In the end, the main emotion was of resignation. Some managerial reigns end amid acrimony, some amid anger and recrimination. Ole Gunnar Solskjaer’s at Manchester United comes to an end amid sadness. After Man United’s 4-1 defeat away at Watford, Solskjaer admitted his side had been “outfought,” that they had not been mentally right for the game, that “we’re embarrassed losing the way we do,” but remained relatively defiant, up until the final question. Asked, “How low are you feeling right now?” he gave a great sigh, and in that moment he looked broken. “Very,” he eventually replied.
He had just been booed by a section of the away fans, which until now had been supportive. His goal in injury time in the 1999 Champions League final will excuse many humiliations, but not this. Being hammered by a side fourth from the bottom of the table and apparently sinking fast was a disgrace too far.

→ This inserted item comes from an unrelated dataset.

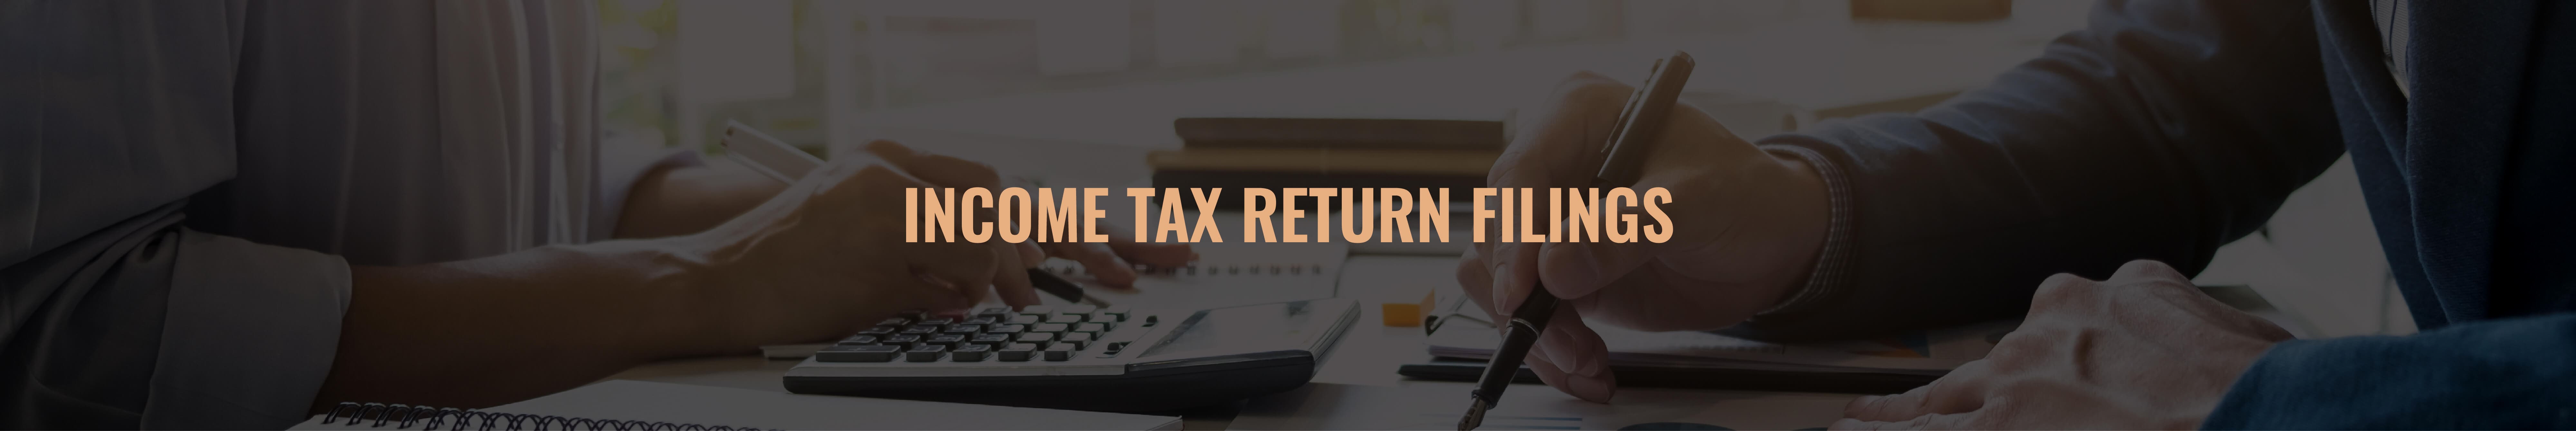 Income Tax Return Filings

United has taken four points from its last seven league games, a run during which it has let in four goals at Leicester and Watford, been hammered 5–0 at home by Liverpool and, against Manchester City, suffered one of the most humbling and one-sided 2–0 defeats imaginable. Players have begun making dreadful individual errors. On Saturday it was Harry Maguire, conceding possession with a heavy touch then lunging after the ball and collecting a second yellow card to hamper a potential comeback. This is a squad devoid of confidence and belief, and that stems, ultimately, from the lack of structure.
Solskjaer was the perfect caretaker manager when José Mourinho left three years ago. Mourinho left a legacy of toxicity, and Solskjaer, a club legend and a decent man, was the perfect person to clear it up. He was remarkably successful at doing that, which tempted the United board—demonstrating its familiar lack of football judgment—to give him the job full-time.

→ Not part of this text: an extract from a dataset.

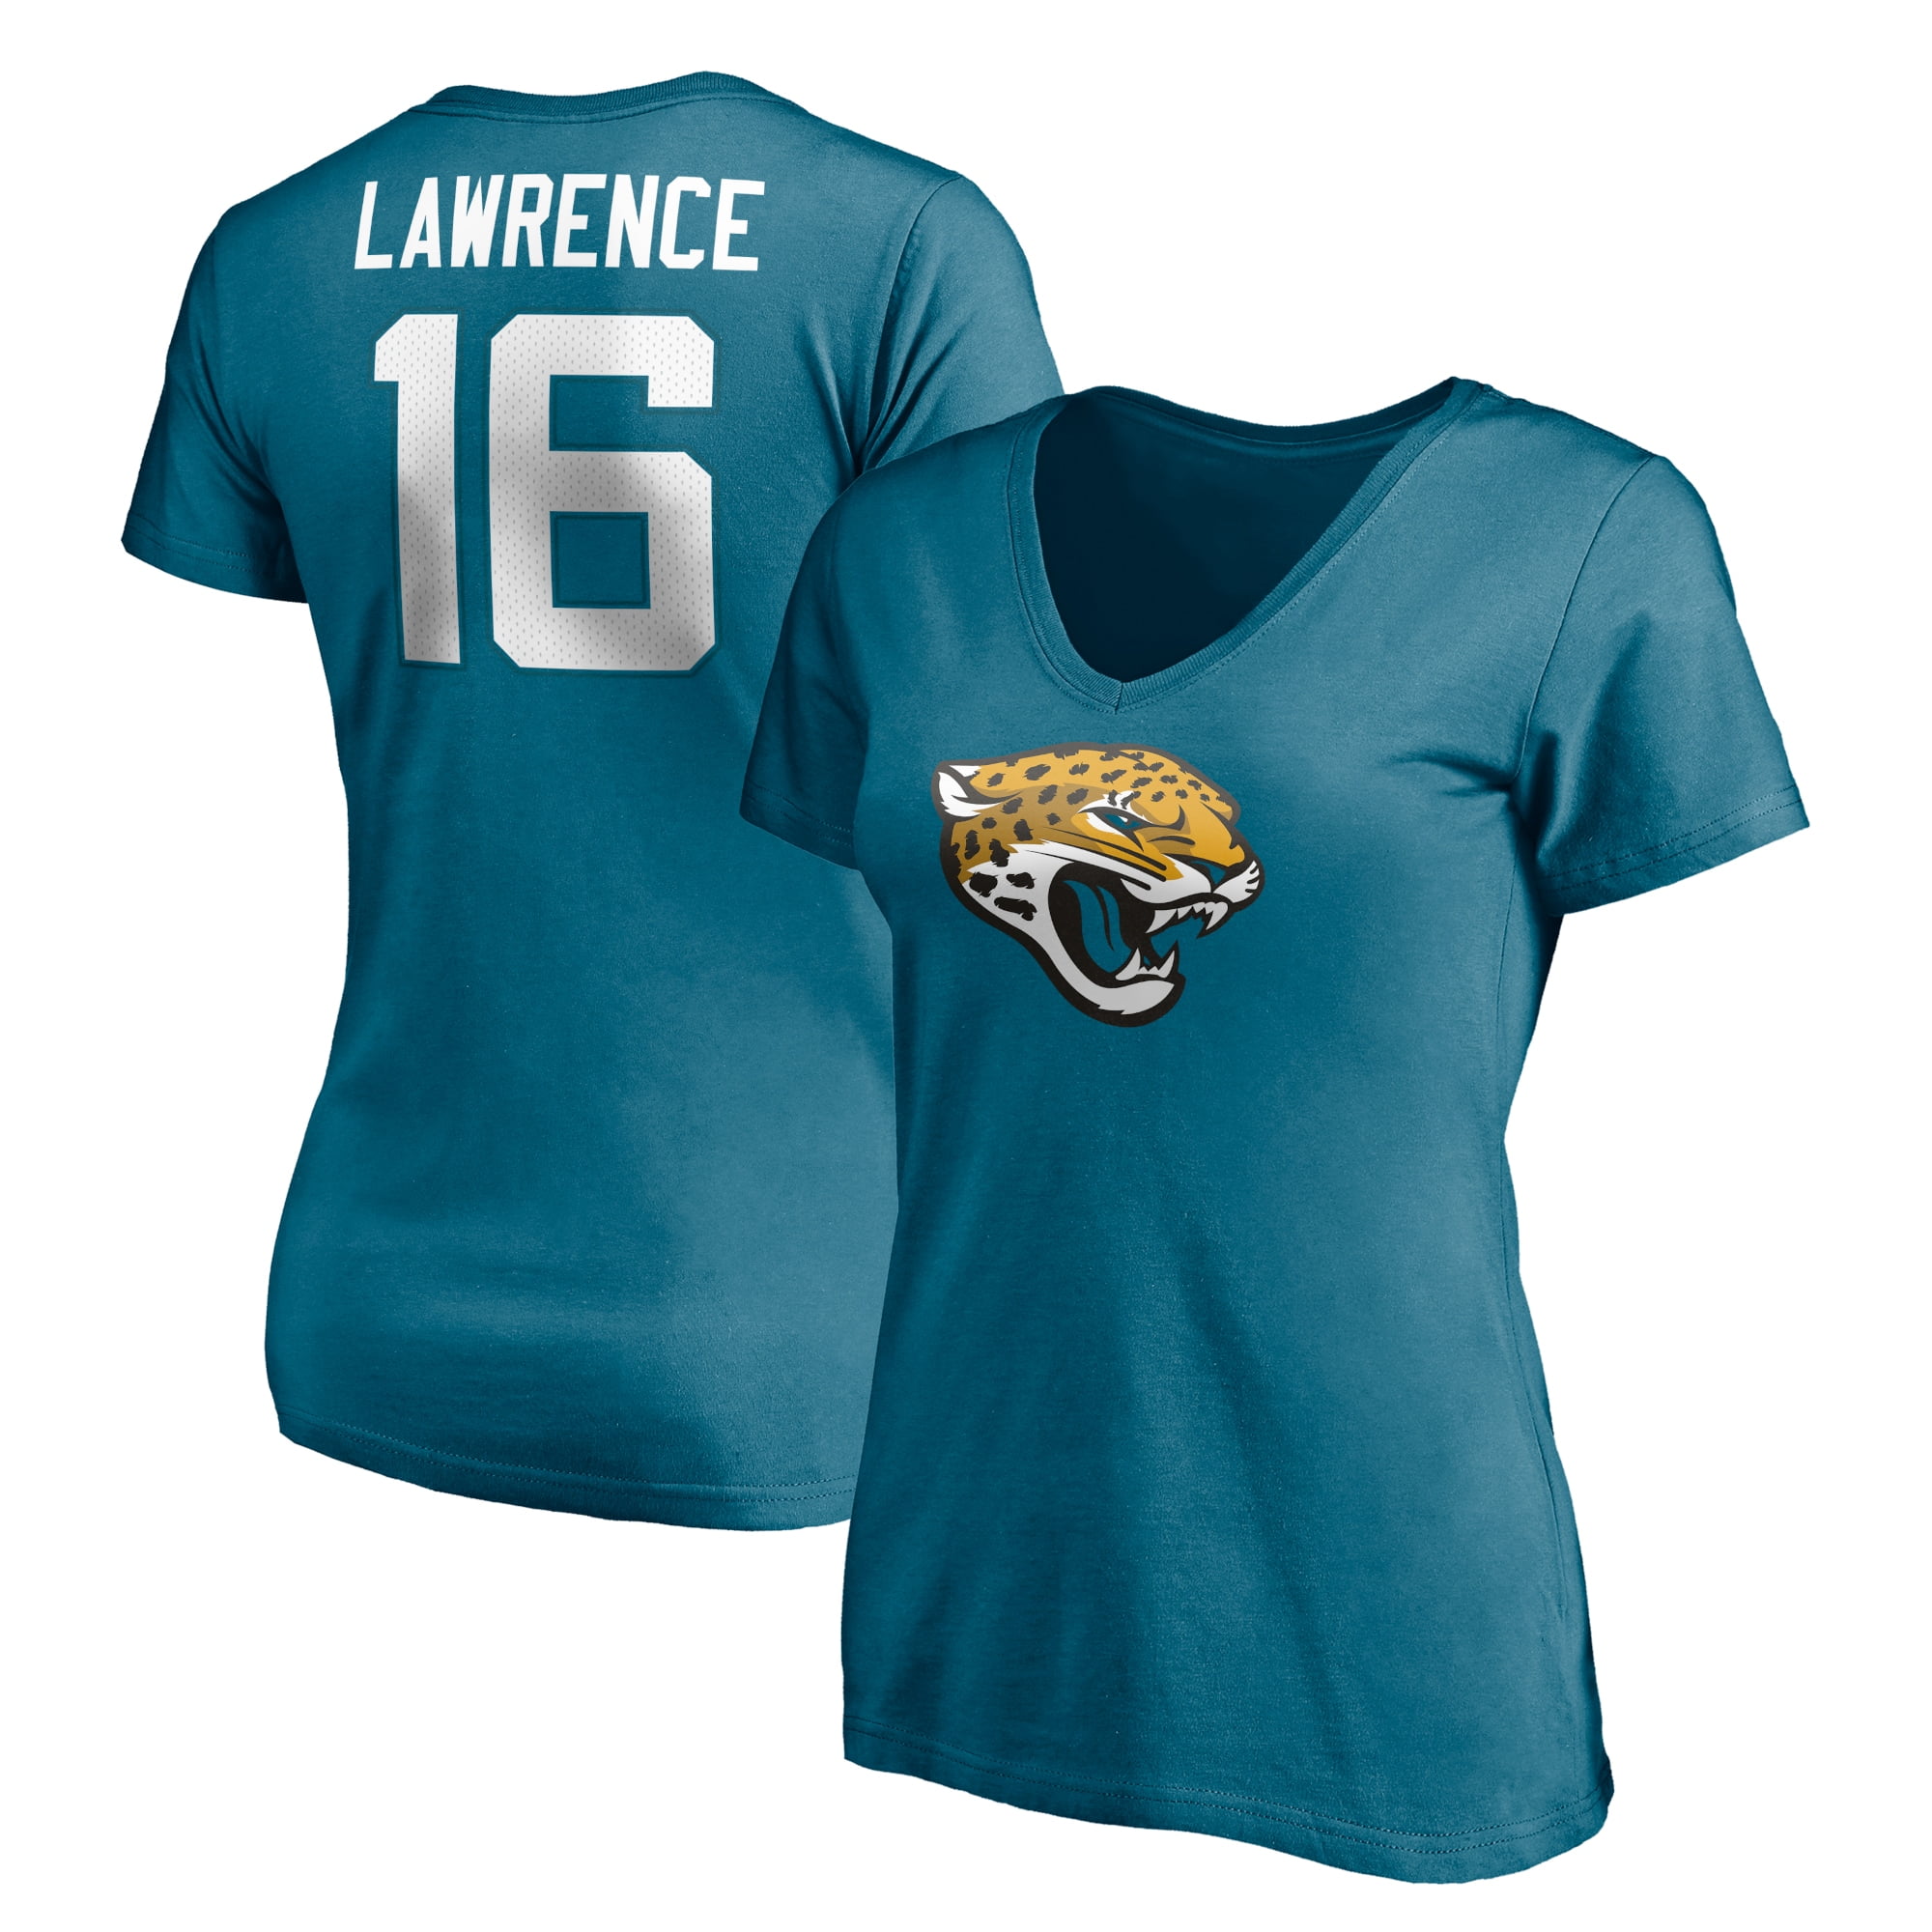 jaguars women's shirts

There were bright spots. There was a run to the Europa League final. There were a slightly baffling series of wins over Man City. There was a run of 29 away league games undefeated that only ended against Leicester in October. But until the start of this season, there was one recurring problem, and that was United’s inability to break down teams that sat deep against it. Sometimes it would—if you have great individual forwards you will score goals—but too often its attacks foundered against the likes of West Brom and Sheffield United and, perhaps most revealingly, against Villarreal in the Europa League final. That ability to construct a coherent attack, rather than simply relying on great players to improvise, is what in modern football differentiates the very best coaches, the likes of Pep Guardiola, Thomas Tuchel and Jürgen Klopp, from the rest. That, more than anything else, was why the sense lingered among so many that Solskjaer was not quite cut out for the United job.
That has all been complicated this season by the arrival of Cristiano Ronaldo, a desperate and misguided move by a board in thrall to nostalgia and the notion that United, rather than being a football club, is primarily a content producer. Former players and even Sir Alex Ferguson insisted it was unthinkable that Ronaldo could be allowed to go to Man City and so United is lumbered with a player who scores late goals by the bucketload—which if nothing else has kept the Champions League campaign alive—but whose lack of pressing unbalances the whole squad and places enormous pressure on the back of midfield, the area where United is weakest. (Ronaldo still has his apologists, but he makes teams unmanageable: in the past three-and-a-half years he has seen off Zinedine Zidane, Max Allegri, Maurizio Sarri, Andrea Pirlo and Solskjaer).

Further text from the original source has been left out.